REPUBLIKA.CO.ID, JAKARTA -- Sejak kapan tradisi membangunkan sahur muncul tiap bulan suci Ramadhan? Prof Hindun Badari dalam makalahnya yang berjudul “al-Mushirati min Duqqat at-Thabul ila al-Insyad wa al-Aghani” menjelaskan, cikal-bakal aktivitas membangunkan sahur itu telah ada sejak zaman Nabi Muhammad SAW. Ketika itu, azan yang dikumandangkan oleh Bilal bin Rabah menjadi penanda waktu berbuka.
Pada masa itu, waktu sahur patokannya ialah azan yang dikumandangkan Abdullah bin Ummi Maktum. Ini yang melatarbelakangi hadis Rasulullah SAW, “Sesungguhnya Bilal azan menjelang malam, maka makan dan minumlah hingga mendengar azan Ibn Umm Maktum.”

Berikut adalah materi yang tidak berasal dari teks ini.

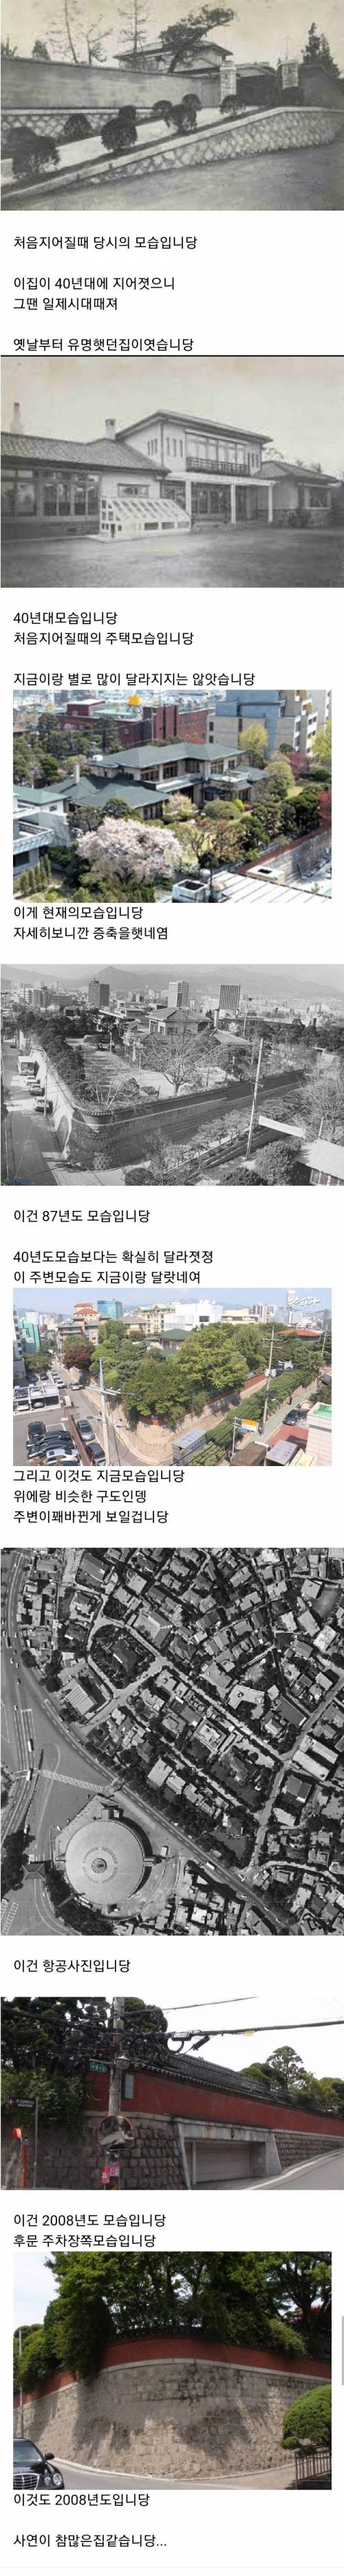 침수 될일 1도 걱정없는 대한민국 찐 부자 집 . jpg

Berlanjut ke masa kekhalifahan. Pada era Dinasti Bani Abbasiyah, ada beberapa daerah daulah Islam yang menyemarakkan tradisi membangunkan orang-orang kala masuk waktu sahur.
Di Mesir misalnya, Gubernur Mesir, Atabah bin Ishaq pada era pemerintahan Khalifah Dinasti Abbasiyah, al-Munthashir Billah (861-862 M), disebut-sebut sebagai al-musaharati pertama.
Ini karena pada tahun 238 Hijriyah, ia merasa terpanggil untuk berkeliling di Kota Kairo (Fustat lama) dan membangunkan penduduk untuk sahur.
Ia melakukannya dengan berjalan kaki. Tempat permulaannya berada di Kota Militer, dan berakhir di Masjid Amar bin Ash yang berlokasi di Kairo Lama, Fustat.
Ia meneriakkan ungkapan, “Wahai hamba Allah, sahurlah. Karena sesungguhnya, dalam sahur terdapat berkah.”
Sejak itulah, profesi al-musaharati sangat dihormati. Hal ini lantaran sang gubernur langsung yang mengawali turun tangan.
Yel-yel yang diteriakkan pun kian bervariatif. Apalagi, di masa Abbasiyah yang terkenal dengan kemajuan di bidang syair.
Sebagian liriknya telah menggunakan bahasa sastrawi dengan mutu tinggi. Misalnya, “Ya niyyaman quman, quman lis sahuri quman (‘wahai orang yang lelap tidur, bangunlah untuk sahur’).”